Con una calma perturbadora se giro hacia al otro lado de la cama con cuidado, saco una hoja de afeitar de un cajon y se acercó al pequeño para confirmar su retorcida hipótesis. El niño lo observaba con ojos vidriosos, aún agitado pero inmóvil, atrapado en un trance de desconcierto.
Sin decir nada, el mayor alzo la manga de su camisa dejando ver así su brazo lleno de cicatrices, cortadas que iban como franjas en un patrón desorganizado de líneas que se extendían más allá de lo que dejaba ver la camisa. Algunas eran finas y ya desvanecidas, otras más frescas y enrojecidas, como si cada una de ellas contara una historia.
Con ayuda de la hoja de afeitar hizo otra cortada entre uno de los pocos espacios del lienzo de su brazo. La herida no era muy grande, pero la escandalosa sangre se desboco vibrante, como un riachuelo creando corrientes y ríos que serpenteaban hasta la zona baja de su brazo como un goteo. Caían a un ritmo constante, salpicando el suelo como pequeños golpes que rompían el silencio.
—Lamelo— ordeno mientras le extendía su brazo.

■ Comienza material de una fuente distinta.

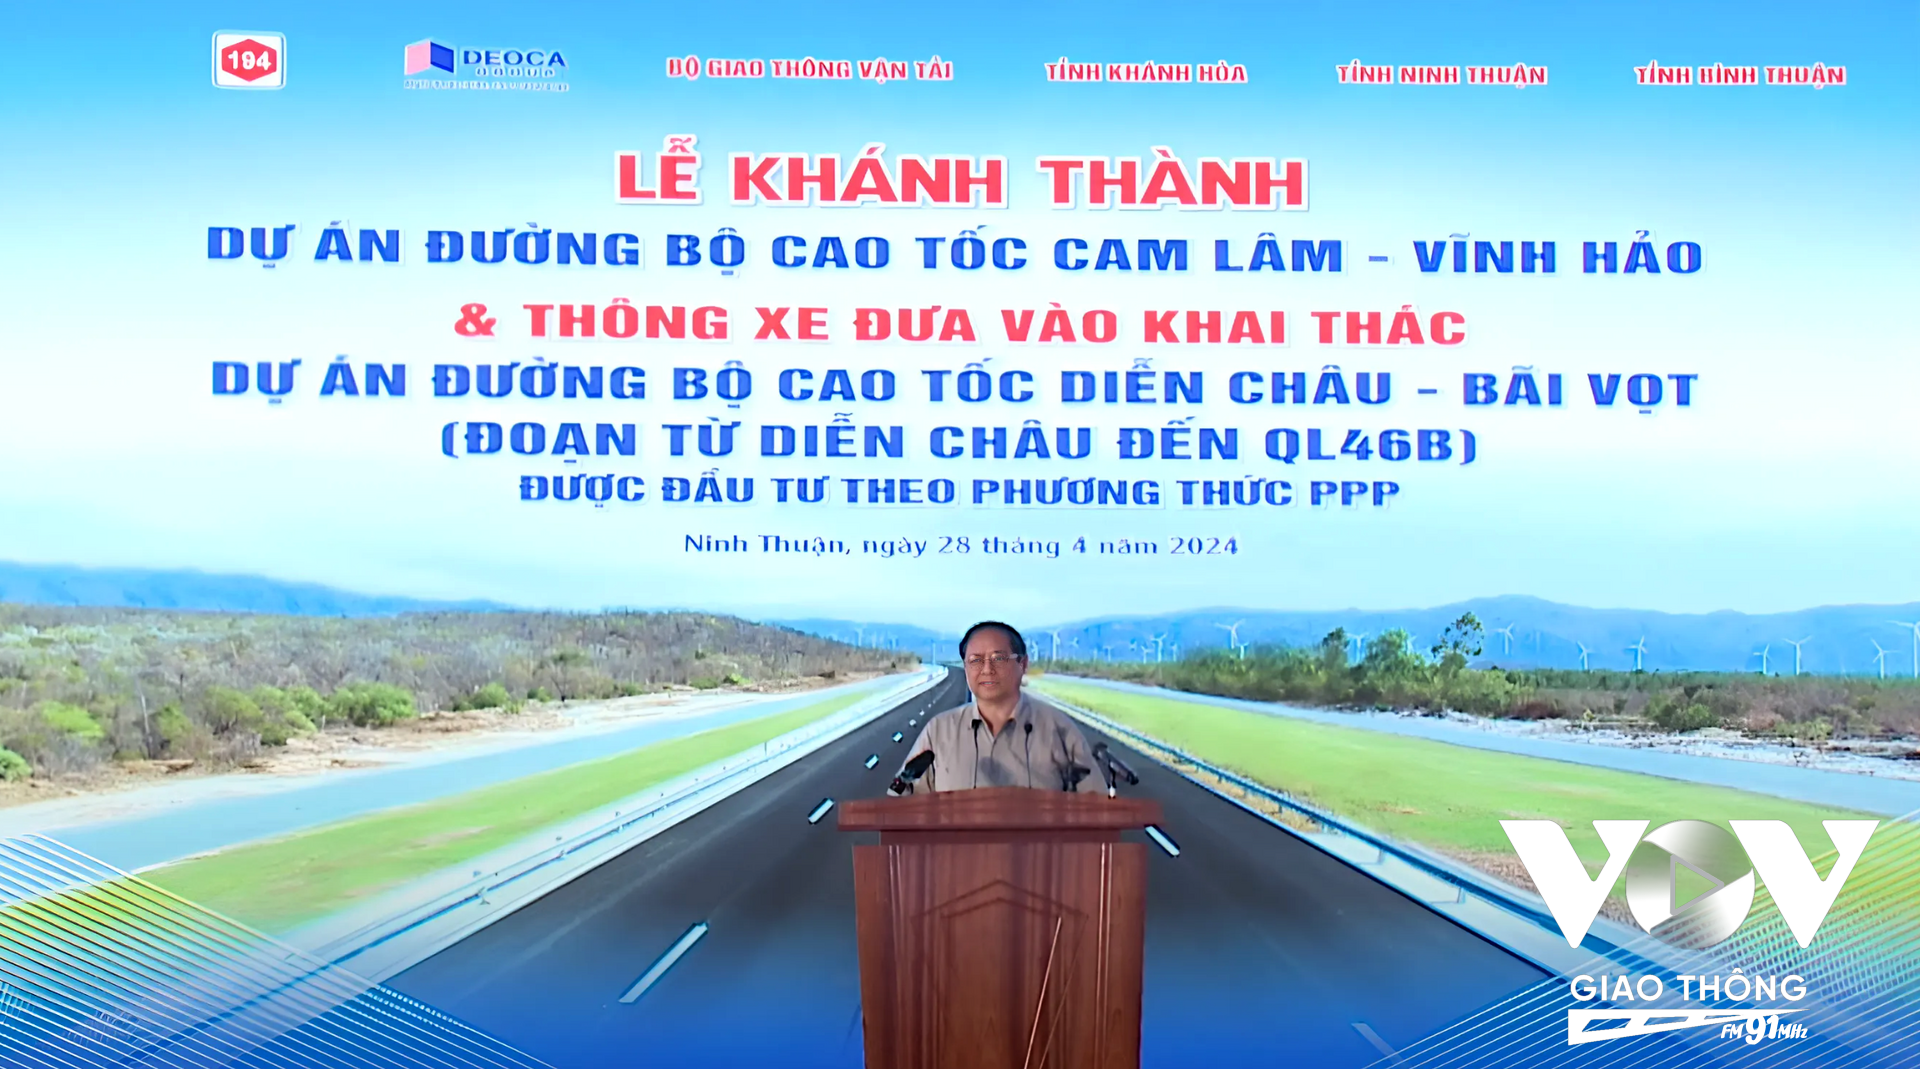 Tham dự Lễ khánh thành Dự án đường bộ cao tốc Cam Lâm - Vĩnh Hảo có Thủ tướng Chính phủ Phạm Minh Chính

El niño no se negó para su sorpresa, es más no hizo ningún gesto, camino lento hasta la herida, en trance, como bicho a la luz. Succionó la herida con avidez, la chupo como un ternero mamando la vitalidad de su madre, como si quisiera sorber su alma de su brazo, como si cada gota fuera capaz de calmar su tormento interno. Tal escena exotica asimilaba a un antiguo y prohibido ritual.
Al terminar, la mancha desapareció por completo, esto confirmaba su teoría, algo muy irreal, tan absurdo que le provocaba risa desmedida. Lo absurdo de la situación era tan grotesco que se sentía como una burla al sentido común, como si el mundo estuviera doblándose ante nuevas reglas naturales. El mayor sonrió satisfecho, mientras la locura brillaba en sus ojos.
—¿Cómo te sientes?—preguntó.
—Bien…—musitó el pequeño, confundido pero aliviado.
—Perfecto —respondió el mayor, y su voz cargada de una intensidad extraña resonó en el silencio de la habitación..
Nunca había visto a su sombrío hermano tan feliz. Aunque tal vez en otro momento, en un contexto diferente, quizás se habría sentido aliviado o incluso contagiado por esa felicidad, ahora verlo sonreír se sentía agridulce. Era raro, tan ficticio como todo lo de ese día.
Una máscara de júbilo colocada sobre una escena de horror. La contradicción era insondable: el dedo casi amputado, la cama cubierta de sangre y una adorable sonrisa.
El mayor se levantó lentamente sin desvanecer su macabro jubiló.
—Ahora dime… ¿Dónde dijiste que estaban esos hongos? —preguntó con un tono ligero, casi jovial, que contrastaba brutalmente con el desastre de la habitación.